- [Your objective] Copy the lines below exactly. No picture goes into the copy.

(Collected data)

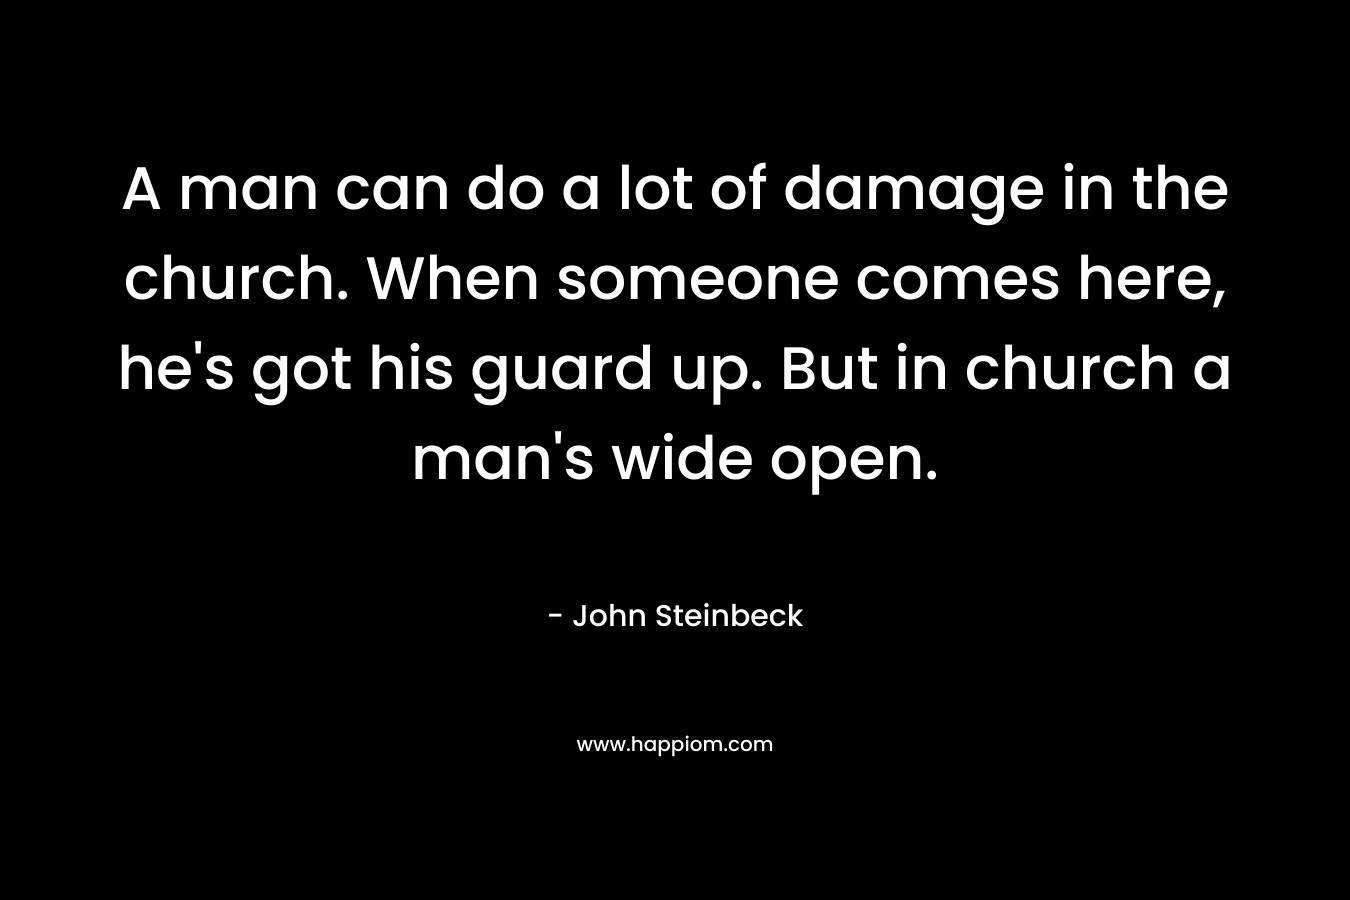 A man can do a lot of damage in the church. When someone comes here, he's got his guard up. But in church a man's wide open.
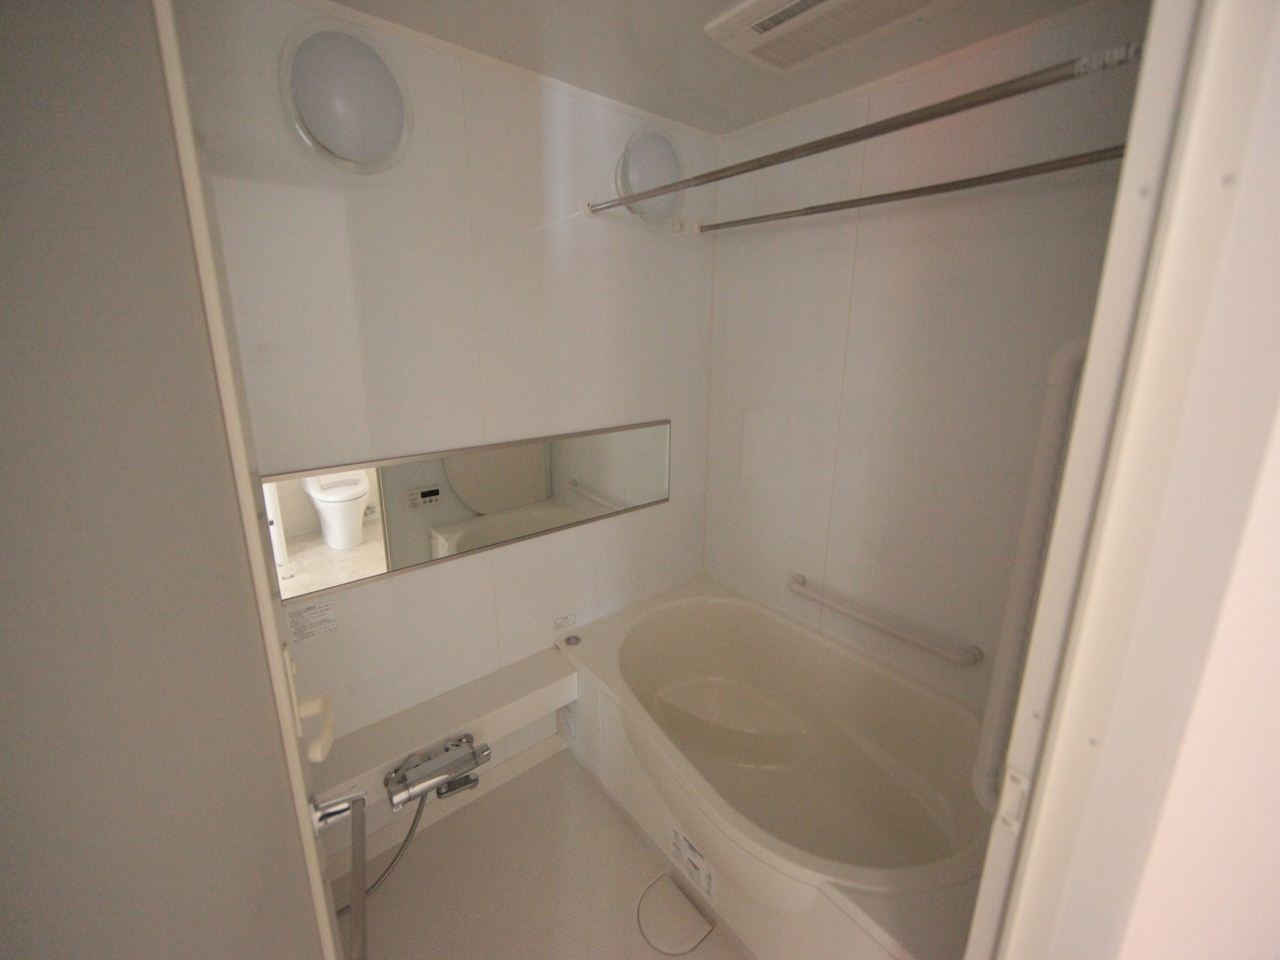 Bath. Bathroom with heating dryer Bathing with 24-hour ventilation function
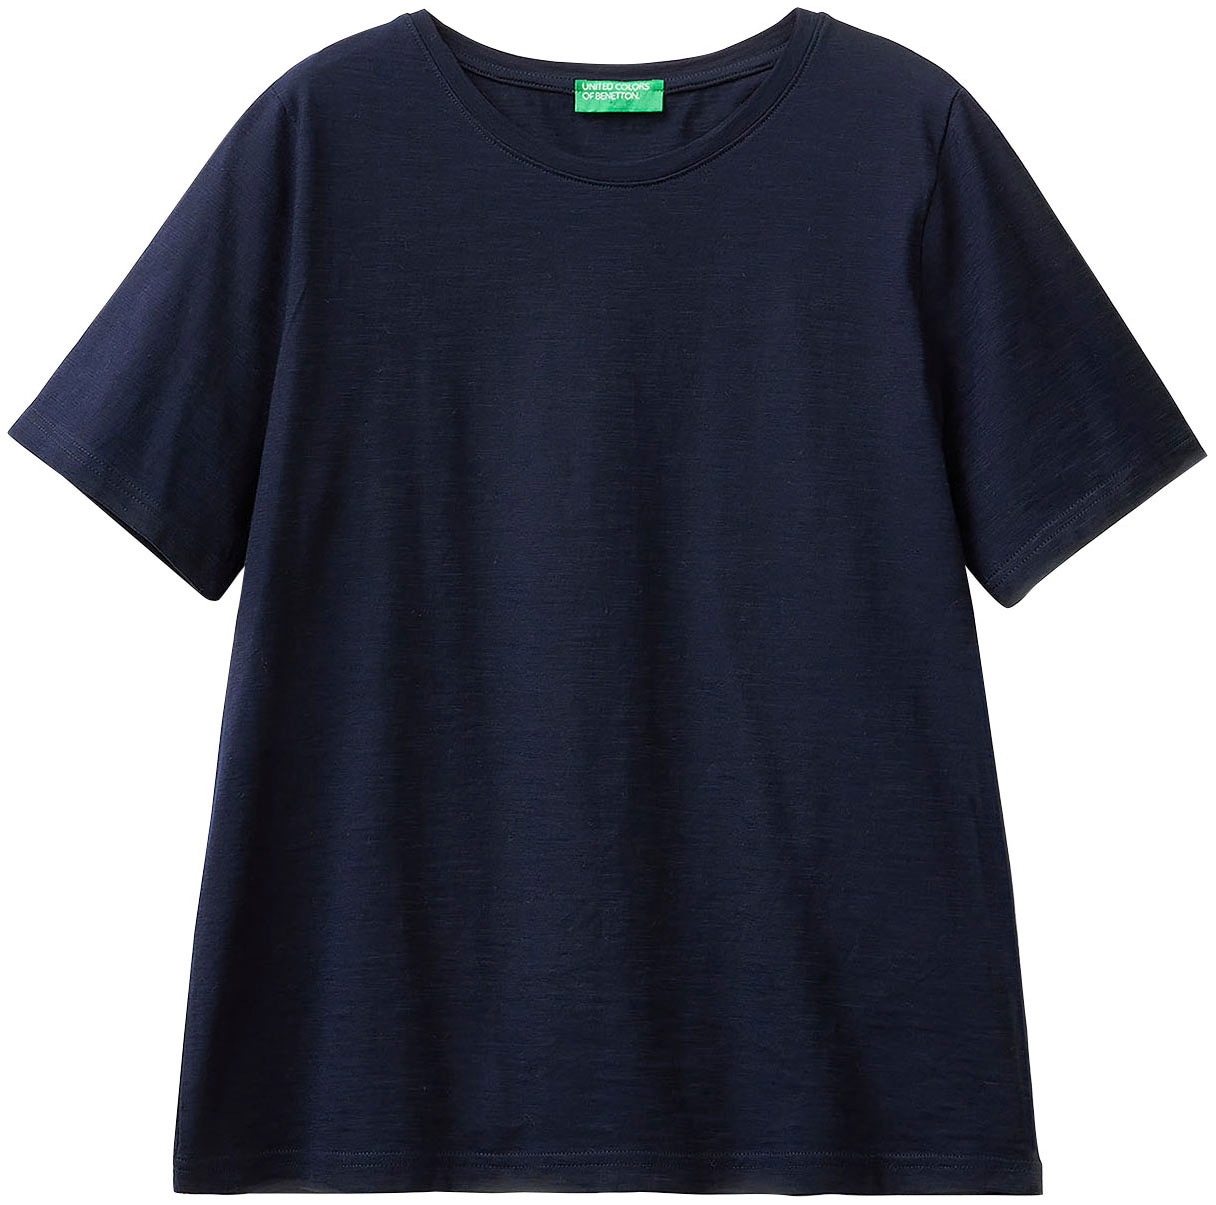 bei Benetton cleaner T-Shirt, Basic-Optik in ♕ Colors of United

(End Collected data)

- [Exercise result]
 A man can do a lot of damage in the church. When someone comes here, he's got his guard up. But in church a man's wide open.
 Bath. Bathroom with heating dryer Bathing with 24-hour ventilation function
 bei Benetton cleaner T-Shirt, Basic-Optik in ♕ Colors of United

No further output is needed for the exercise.